📜 ⬆️ ⬇️

A simple x86 assembly program: Sieve of Eratosthenes

opening speech


In my profession, I do not encounter low-level programming: I do programming in scripting languages. But since the soul requires diversity, expanding the horizons of knowledge or simply understanding how the machine works at a low level, I do programming in languages ​​other than those with which I make money - this is my hobby.

And so, I would like to share the experience of creating a simple program in assembly language for processors of the x86 family, with the analysis of which you can begin your journey into conquering lowlands of abstraction levels.

Before writing it, I formulated the following requirements for the future program:

The task for my program, I chose to search for primes using the Sieve of Eratosthenes . As an assembler, I chose nasm .
')
I wrote the code with more emphasis on style and clarity than on its speed. For example, I did not reset the register using xor eax, eax , but using mov eax, 0 due to more appropriate instruction semantics. I decided that since the program is purely for educational purposes, it is possible to unleash and pursue the style of the code in assembler.

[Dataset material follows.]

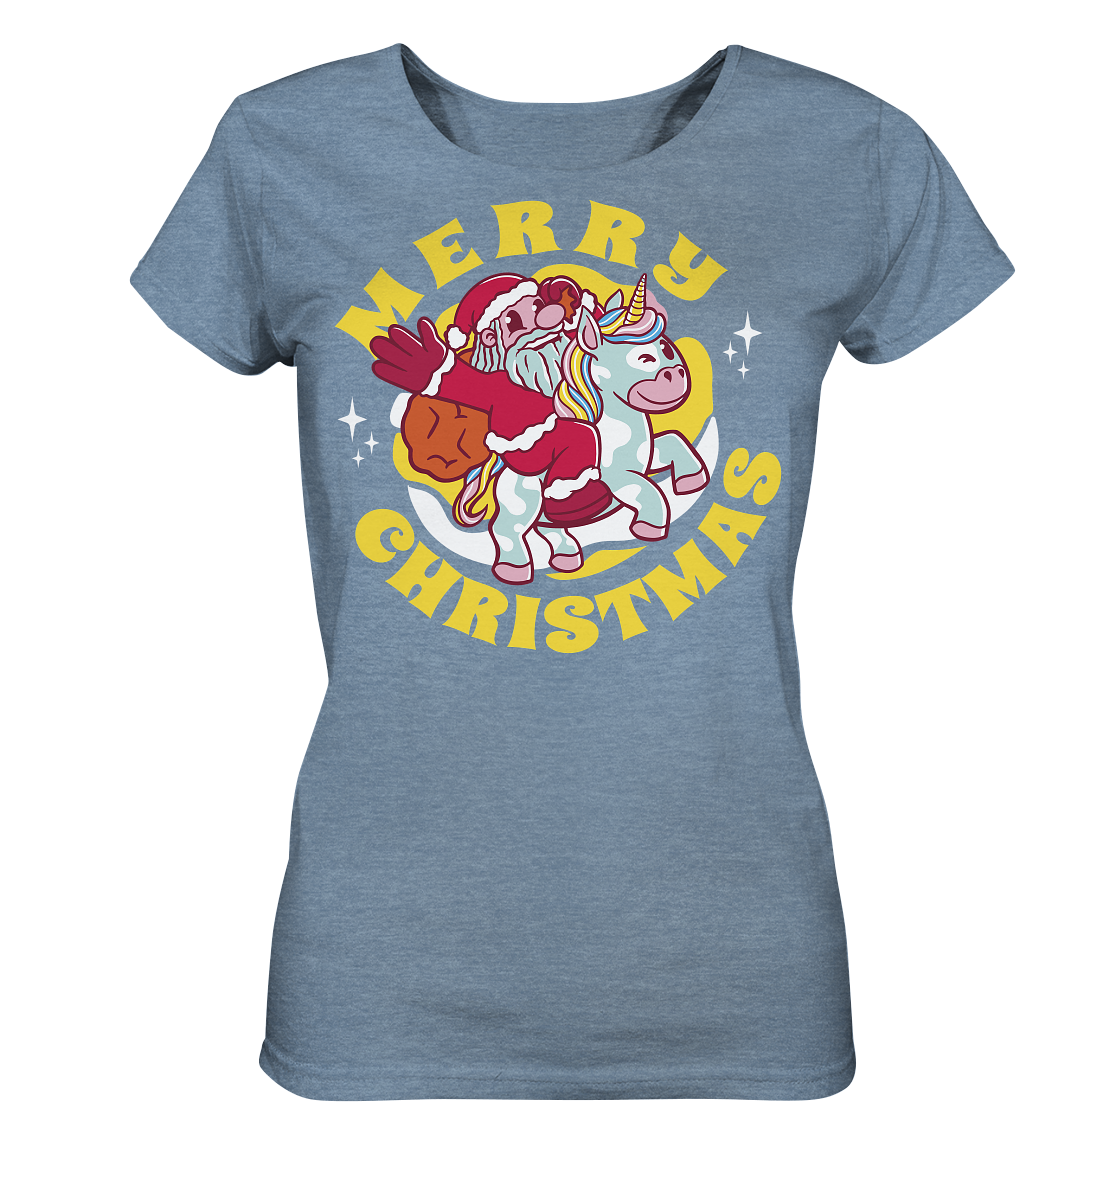 Riding Santa Claus, Merry Christmas, Merry Christmas - Ladies Organic Shirt (mottled)

So, let's see what happened.

Where to begin?


Perhaps the most difficult thing that you encounter when moving from high-level languages ​​to assembler is the organization of memory. Fortunately, on this topic on Habré was already a good article .

It also raises the question of how data is exchanged between the internal world of the program and the external environment at such a low level. Here comes the operating system API. In DOS, as already mentioned, the interface was fairly simple. For example, the “Hello, world” program looked like this:

 SECTION .text org 0x100 mov ah, 0x9 mov dx, hello int 0x21 mov ax, 0x4c00 int 0x21 SECTION .data hello: db "Hello, world!", 0xD, 0xA, '$' 


In Windows, the Win32 API is used for these purposes, respectively, the program should use the methods of the corresponding libraries:

 %include "win32n.inc" extern MessageBoxA import MessageBoxA user32.dll extern ExitProcess import ExitProcess kernel32.dll SECTION code use32 class=code ..start: push UINT MB_OK push LPCTSTR window_title push LPCTSTR banner push HWND NULL call [MessageBoxA] push UINT NULL call [ExitProcess] SECTION data use32 class=data banner: db "Hello, world!", 0xD, 0xA, 0 window_title: db "Hello", 0 


Here, the win32n.inc file is used , where macros are defined that reduce the code for working with the Win32 API.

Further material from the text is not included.